A student who does not see the partition bijection might try: "Pick a subset of A \times A, check if it is reflexive, symmetric, transitive." Let us cost this for n = 3:

Total subsets of A \times A: 2^9 = 512.
Of these, how many satisfy all three properties? We know the answer is 5. So you would check 512 subsets to find 5 — a 1\% hit rate.
For n = 4: 2^{16} = 65{,}536 subsets, and only 15 are equivalences. Hit rate 0.023\%.

Listing partitions directly goes from 5 answers to 5 list entries. No wasted work. The partition recognition is not a shortcut; it is the natural formulation of the question.

The recognition checklist

When you see a counting question involving equivalence relations:

Ask: is this really a partition-counting question in disguise?
Translate: equivalence relations \leftrightarrow partitions.
Identify which count: all partitions (B(n)), partitions with k blocks (S(n, k)), or partitions satisfying a constraint (enumerate directly for small n).
Verify with tiny n: for n = 2 or n = 3, list them to catch any miscounting.

JEE 2020-style: equivalence relations on a 4-element set

Problem: Let A = \{1, 2, 3, 4\}. How many equivalence relations on A contain the pair (1, 2) but not the pair (3, 4)?

Translate. Equivalence relations ↔ partitions of A. The pair (1, 2) \in R means 1 and 2 are in the same block. "(3, 4) \notin R" means 3 and 4 are not in the same block.

Count partitions with the constraint. Fix the block containing \{1, 2\}. The question is where to place 3 and 4 such that they are in different blocks.

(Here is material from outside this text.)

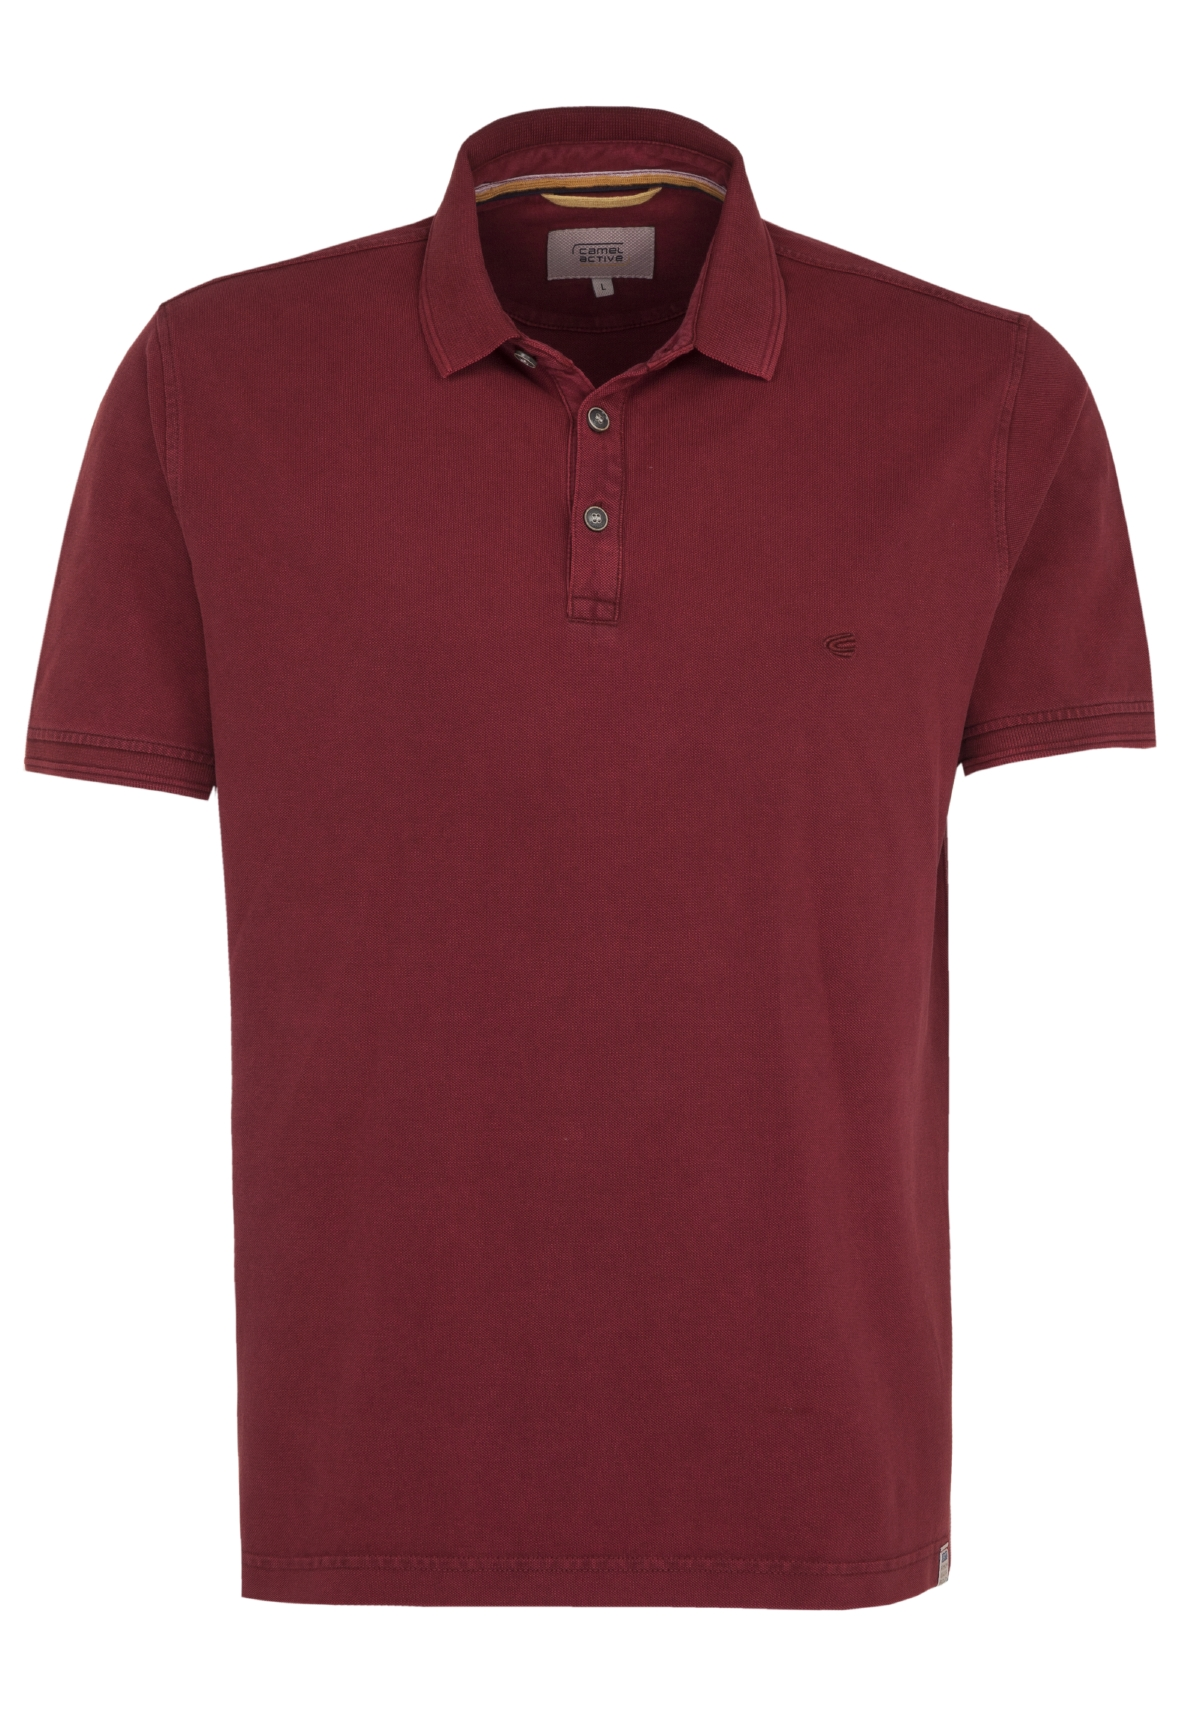 Camel-Active-Herren-Shirt-Poloshirt-Pique-Regular-Fit-NEU Indexbild 52

Cases by block containing \{1, 2\}:

Block is \{1, 2\} only. Then 3 and 4 each go into blocks not equal to \{1,2\} and not equal to each other. Options: \{3\}, \{4\} — both singletons; or \{3\}, \{4\} as separate blocks. That is 1 way.
Block is \{1, 2, 3\}. Then 4 goes into its own block \{4\}. That is 1 way. (Automatically 3 and 4 are in different blocks.)
Block is \{1, 2, 4\}. Symmetric: 3 is alone. 1 way.
Block is \{1, 2, 3, 4\}. Then 3 and 4 are in the same block — forbidden. 0 ways.

Total: 1 + 1 + 1 = 3 equivalence relations.

Without the partition translation, this problem is almost unsolvable — you would be listing subsets of a 16-element grid with three property checks apiece.

Train the reflex: "equivalence relations" means "partitions". Every time. No exceptions on a finite set.